Exercise data →
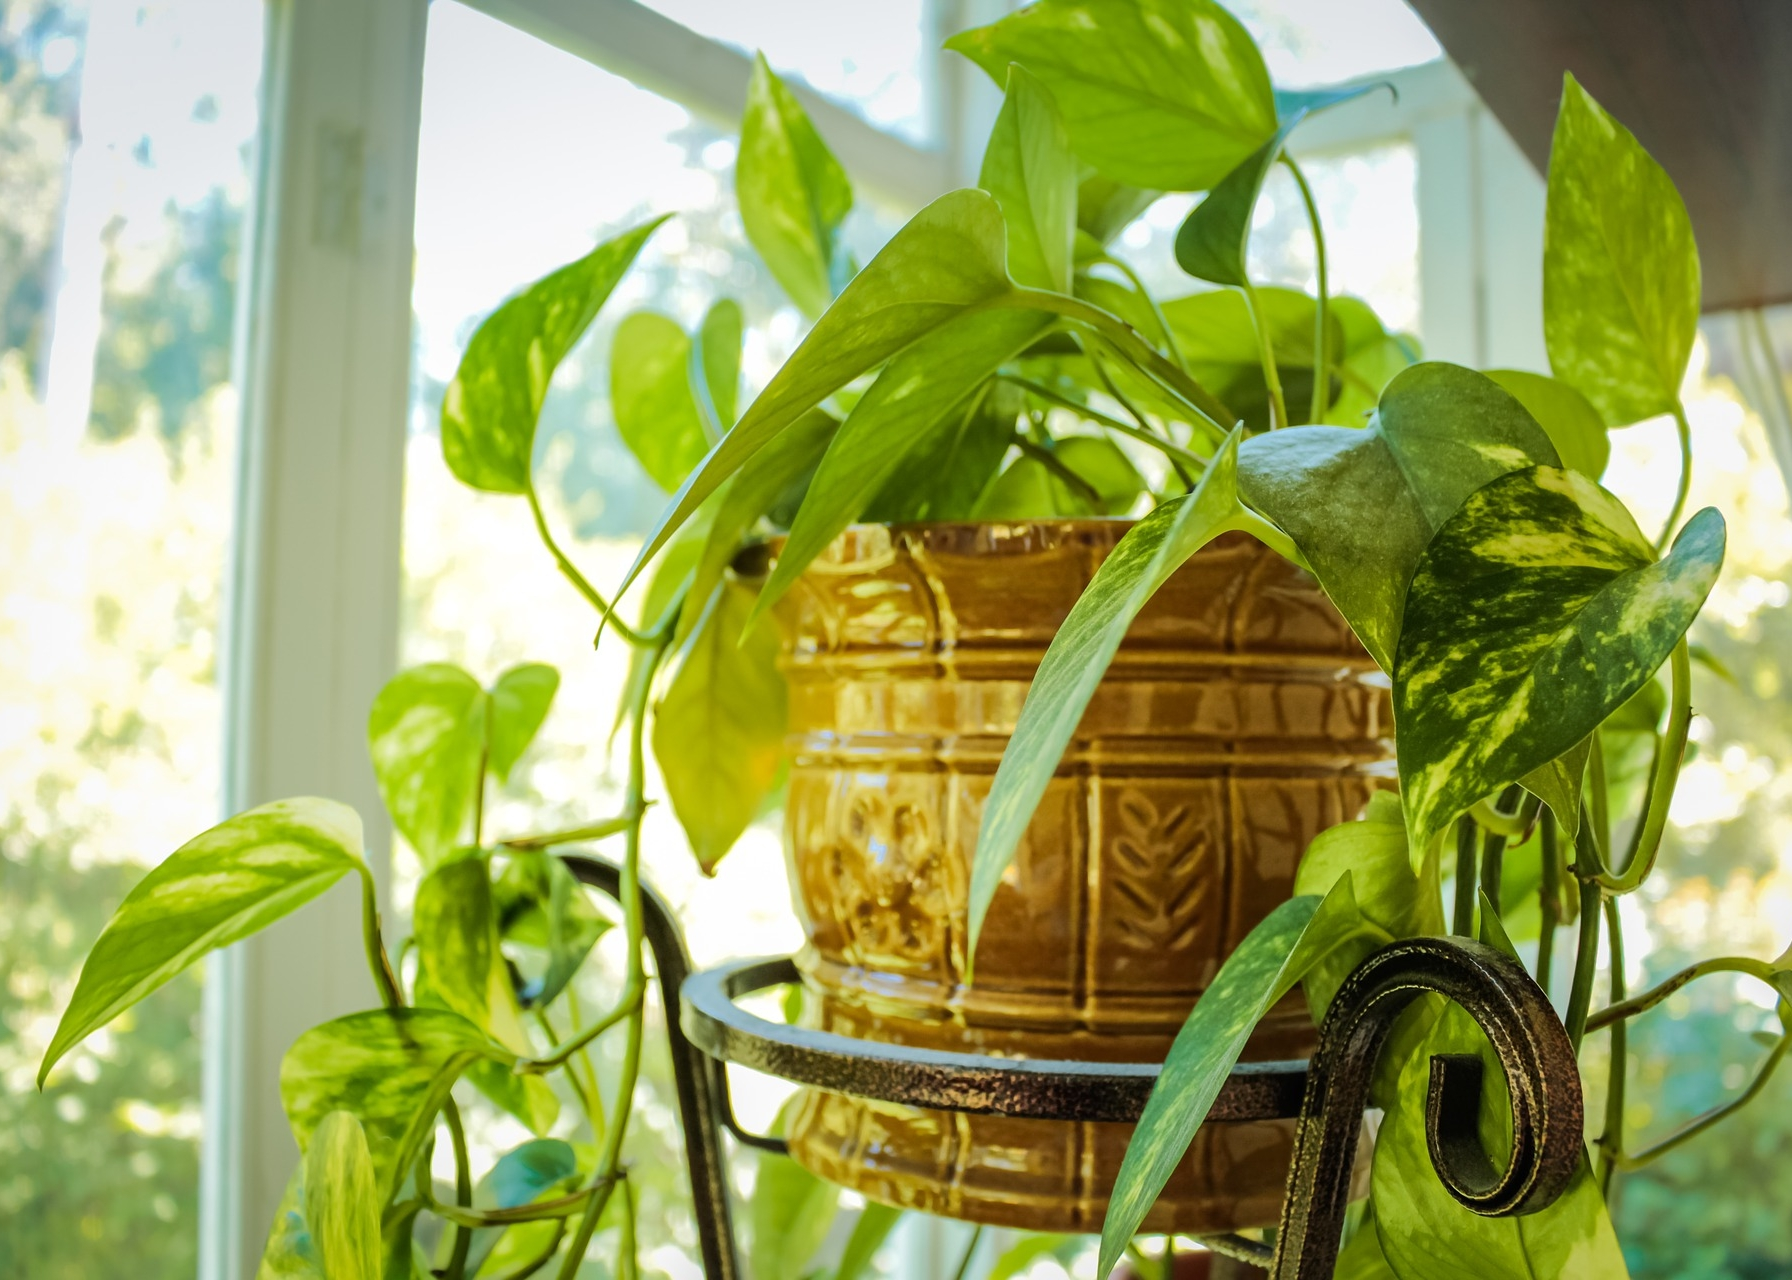 Guide des plantes d'intérieur: comment prendre soin des plantes d'intérieur
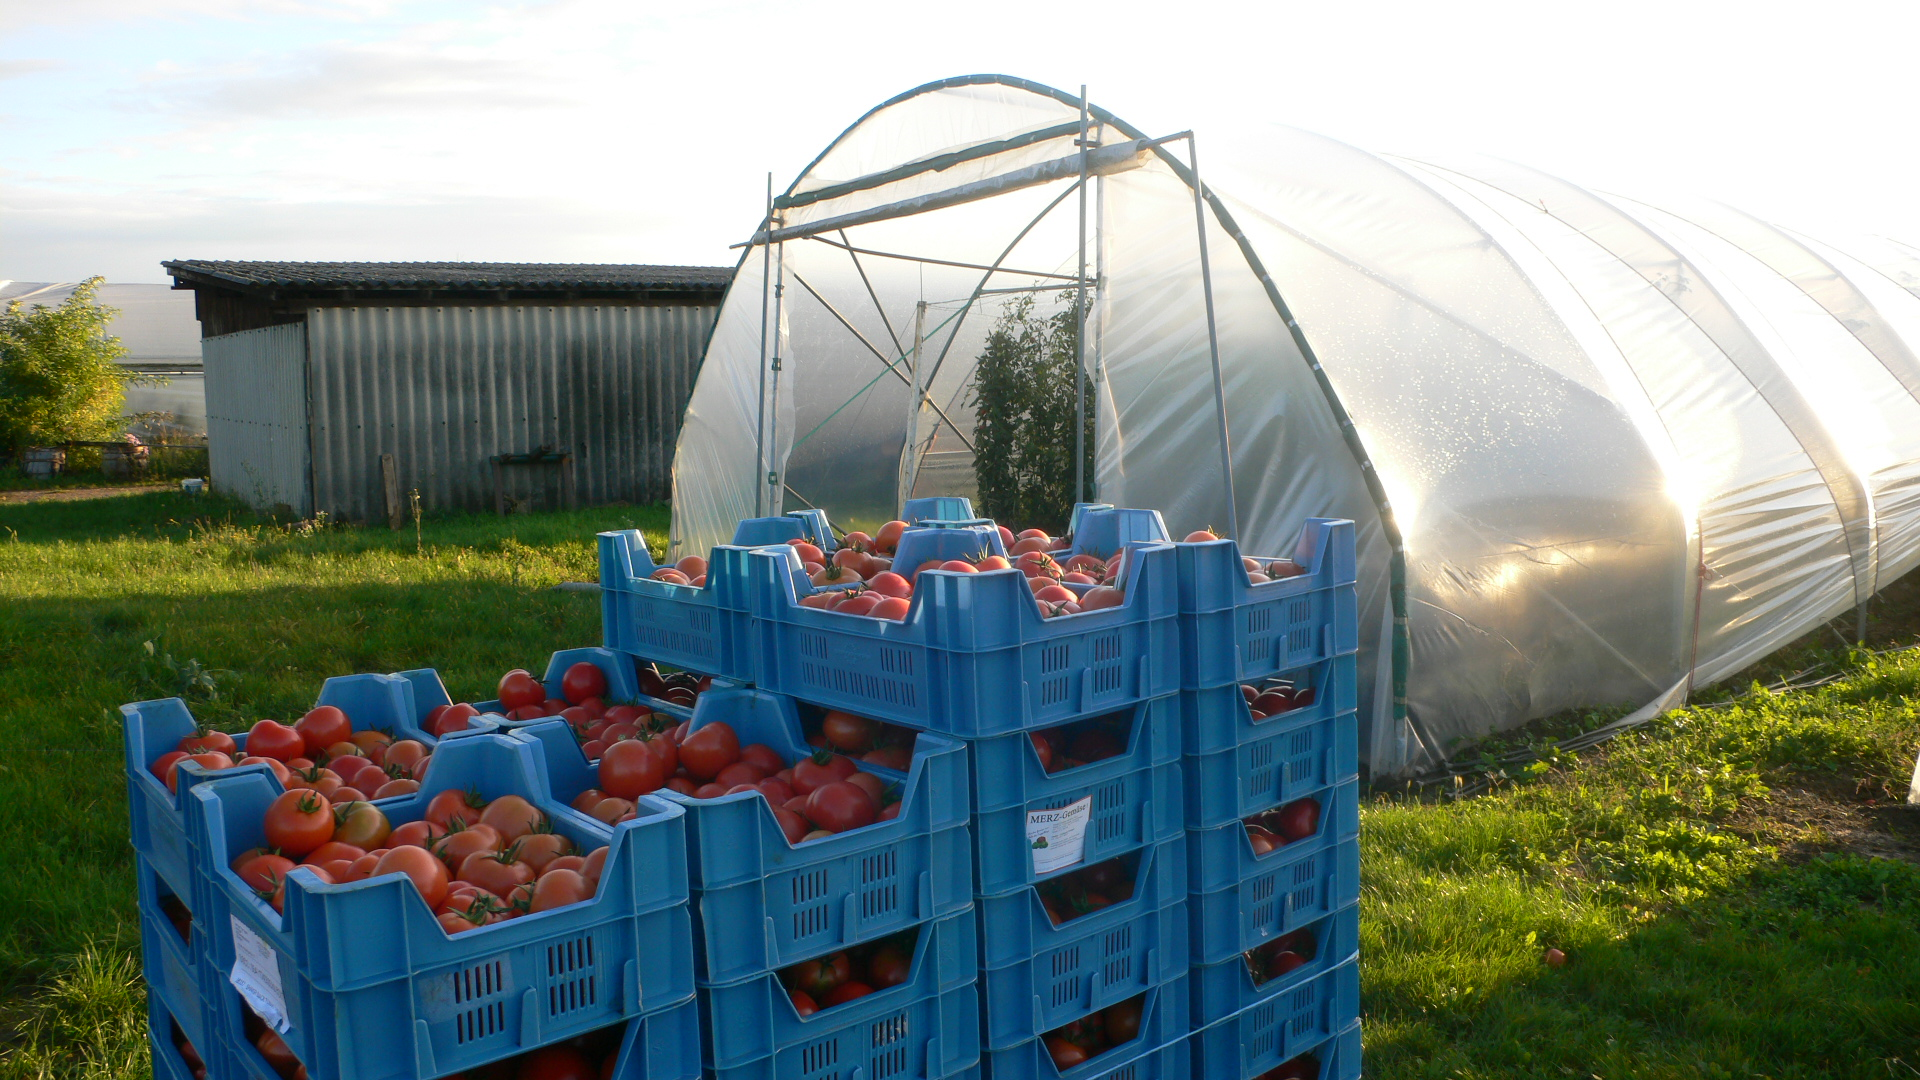 Mit dem Gemüse aus dem Handschuhsheimer Feld werden auch Großmärkte beliefert
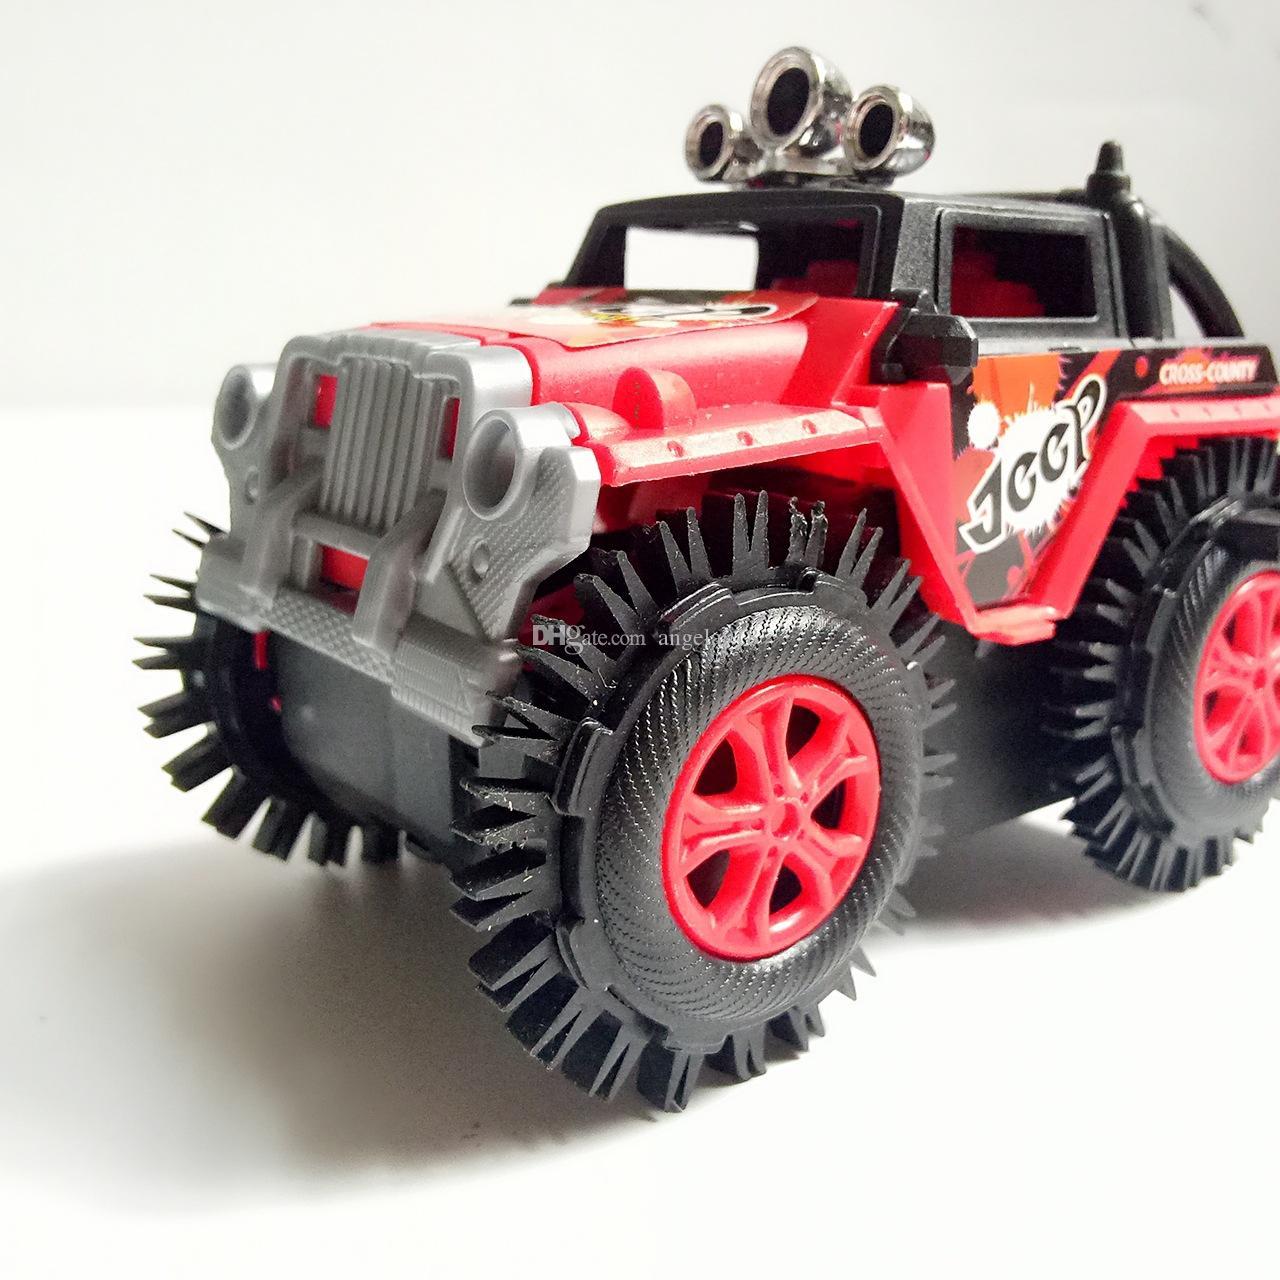 어린이 장난감 오프로드 스턴트 덤프 트럭 전기 자동차 차량 모델 3 색 특수 고무 타이어 V114
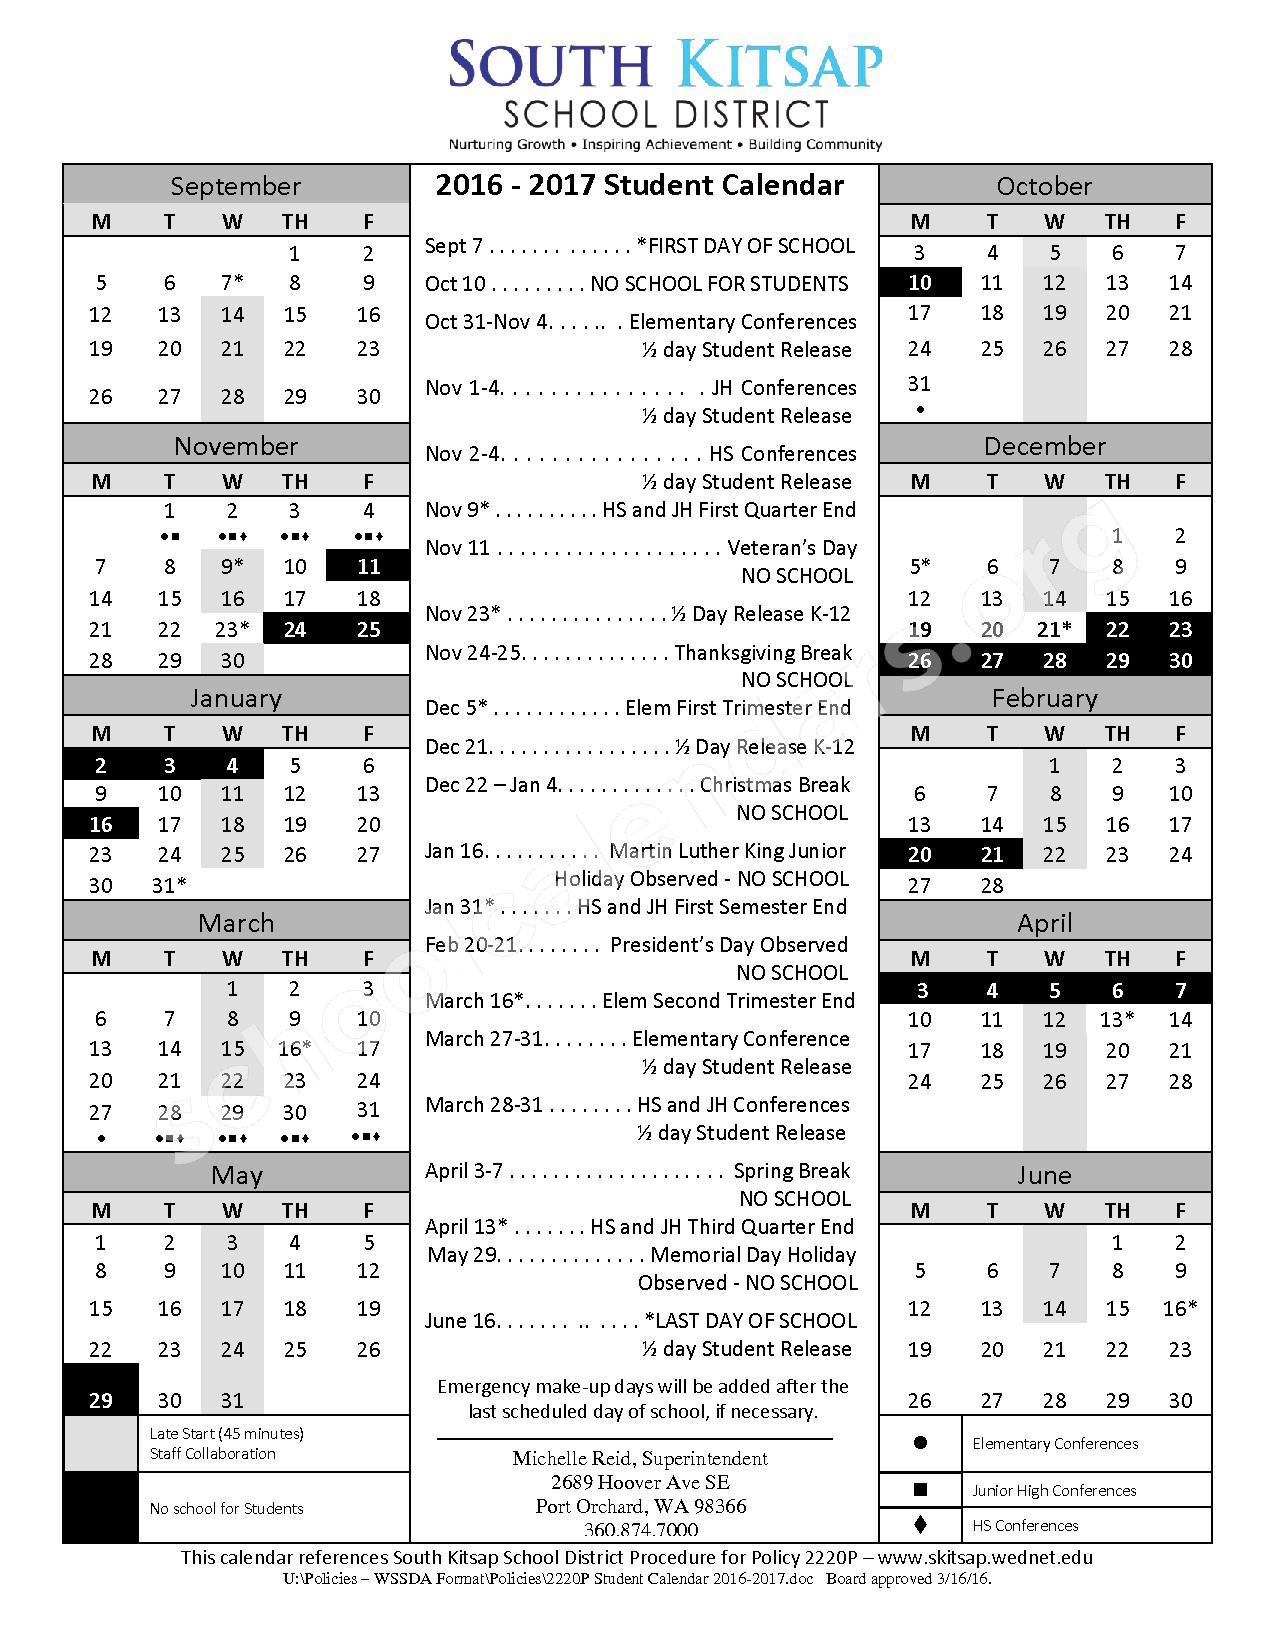 2016 - 2017 School Calendar – South Kitsap School District – page 1

Exercise → Could the listing above be transcribed exactly, with the pictures left out?

Expected answer →
 Guide des plantes d'intérieur: comment prendre soin des plantes d'intérieur
 Mit dem Gemüse aus dem Handschuhsheimer Feld werden auch Großmärkte beliefert
 어린이 장난감 오프로드 스턴트 덤프 트럭 전기 자동차 차량 모델 3 색 특수 고무 타이어 V114
 2016 - 2017 School Calendar – South Kitsap School District – page 1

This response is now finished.